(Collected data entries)
=== Section Start ===
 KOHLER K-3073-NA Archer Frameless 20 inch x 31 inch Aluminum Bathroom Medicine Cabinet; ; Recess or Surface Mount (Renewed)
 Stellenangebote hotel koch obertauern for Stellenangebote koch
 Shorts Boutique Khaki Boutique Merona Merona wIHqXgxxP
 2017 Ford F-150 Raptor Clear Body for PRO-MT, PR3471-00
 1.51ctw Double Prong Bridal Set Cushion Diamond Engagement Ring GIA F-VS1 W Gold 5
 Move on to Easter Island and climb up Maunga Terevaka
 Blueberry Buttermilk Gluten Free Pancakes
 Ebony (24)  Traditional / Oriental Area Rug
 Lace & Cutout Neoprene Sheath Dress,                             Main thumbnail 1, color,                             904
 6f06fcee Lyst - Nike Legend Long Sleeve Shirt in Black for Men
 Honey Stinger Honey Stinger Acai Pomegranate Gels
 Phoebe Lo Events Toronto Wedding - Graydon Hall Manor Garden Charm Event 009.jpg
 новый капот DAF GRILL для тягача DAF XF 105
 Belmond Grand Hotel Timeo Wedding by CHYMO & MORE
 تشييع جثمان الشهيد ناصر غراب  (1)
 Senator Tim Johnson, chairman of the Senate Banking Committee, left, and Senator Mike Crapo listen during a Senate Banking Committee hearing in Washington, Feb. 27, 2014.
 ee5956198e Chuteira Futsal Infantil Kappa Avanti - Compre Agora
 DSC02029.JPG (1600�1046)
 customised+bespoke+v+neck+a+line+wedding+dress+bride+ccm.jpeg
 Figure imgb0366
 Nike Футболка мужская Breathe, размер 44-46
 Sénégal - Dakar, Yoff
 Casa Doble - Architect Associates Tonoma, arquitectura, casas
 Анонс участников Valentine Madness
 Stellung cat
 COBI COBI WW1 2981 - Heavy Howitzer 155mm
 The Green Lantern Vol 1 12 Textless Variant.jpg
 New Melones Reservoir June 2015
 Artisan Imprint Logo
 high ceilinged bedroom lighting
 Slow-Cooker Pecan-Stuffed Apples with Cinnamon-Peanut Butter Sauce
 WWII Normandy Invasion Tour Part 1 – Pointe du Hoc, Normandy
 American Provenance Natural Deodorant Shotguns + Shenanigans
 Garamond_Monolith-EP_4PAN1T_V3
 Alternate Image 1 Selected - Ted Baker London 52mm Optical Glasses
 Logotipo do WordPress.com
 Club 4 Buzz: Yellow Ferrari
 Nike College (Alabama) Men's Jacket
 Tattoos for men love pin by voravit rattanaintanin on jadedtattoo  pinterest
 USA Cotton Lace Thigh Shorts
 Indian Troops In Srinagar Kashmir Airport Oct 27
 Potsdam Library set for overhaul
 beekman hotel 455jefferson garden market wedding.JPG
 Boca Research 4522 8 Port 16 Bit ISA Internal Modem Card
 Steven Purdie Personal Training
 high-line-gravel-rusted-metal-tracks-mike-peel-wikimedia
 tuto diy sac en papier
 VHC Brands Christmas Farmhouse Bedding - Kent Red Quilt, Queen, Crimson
=== Section End ===
REQUIRED WORK » Each record above is to be reproduced word for word.

SOLUTION »
 KOHLER K-3073-NA Archer Frameless 20 inch x 31 inch Aluminum Bathroom Medicine Cabinet; ; Recess or Surface Mount (Renewed)
 Stellenangebote hotel koch obertauern for Stellenangebote koch
 Shorts Boutique Khaki Boutique Merona Merona wIHqXgxxP
 2017 Ford F-150 Raptor Clear Body for PRO-MT, PR3471-00
 1.51ctw Double Prong Bridal Set Cushion Diamond Engagement Ring GIA F-VS1 W Gold 5
 Move on to Easter Island and climb up Maunga Terevaka
 Blueberry Buttermilk Gluten Free Pancakes
 Ebony (24)  Traditional / Oriental Area Rug
 Lace & Cutout Neoprene Sheath Dress,                             Main thumbnail 1, color,                             904
 6f06fcee Lyst - Nike Legend Long Sleeve Shirt in Black for Men
 Honey Stinger Honey Stinger Acai Pomegranate Gels
 Phoebe Lo Events Toronto Wedding - Graydon Hall Manor Garden Charm Event 009.jpg
 новый капот DAF GRILL для тягача DAF XF 105
 Belmond Grand Hotel Timeo Wedding by CHYMO & MORE
 تشييع جثمان الشهيد ناصر غراب  (1)
 Senator Tim Johnson, chairman of the Senate Banking Committee, left, and Senator Mike Crapo listen during a Senate Banking Committee hearing in Washington, Feb. 27, 2014.
 ee5956198e Chuteira Futsal Infantil Kappa Avanti - Compre Agora
 DSC02029.JPG (1600�1046)
 customised+bespoke+v+neck+a+line+wedding+dress+bride+ccm.jpeg
 Figure imgb0366
 Nike Футболка мужская Breathe, размер 44-46
 Sénégal - Dakar, Yoff
 Casa Doble - Architect Associates Tonoma, arquitectura, casas
 Анонс участников Valentine Madness
 Stellung cat
 COBI COBI WW1 2981 - Heavy Howitzer 155mm
 The Green Lantern Vol 1 12 Textless Variant.jpg
 New Melones Reservoir June 2015
 Artisan Imprint Logo
 high ceilinged bedroom lighting
 Slow-Cooker Pecan-Stuffed Apples with Cinnamon-Peanut Butter Sauce
 WWII Normandy Invasion Tour Part 1 – Pointe du Hoc, Normandy
 American Provenance Natural Deodorant Shotguns + Shenanigans
 Garamond_Monolith-EP_4PAN1T_V3
 Alternate Image 1 Selected - Ted Baker London 52mm Optical Glasses
 Logotipo do WordPress.com
 Club 4 Buzz: Yellow Ferrari
 Nike College (Alabama) Men's Jacket
 Tattoos for men love pin by voravit rattanaintanin on jadedtattoo  pinterest
 USA Cotton Lace Thigh Shorts
 Indian Troops In Srinagar Kashmir Airport Oct 27
 Potsdam Library set for overhaul
 beekman hotel 455jefferson garden market wedding.JPG
 Boca Research 4522 8 Port 16 Bit ISA Internal Modem Card
 Steven Purdie Personal Training
 high-line-gravel-rusted-metal-tracks-mike-peel-wikimedia
 tuto diy sac en papier
 VHC Brands Christmas Farmhouse Bedding - Kent Red Quilt, Queen, Crimson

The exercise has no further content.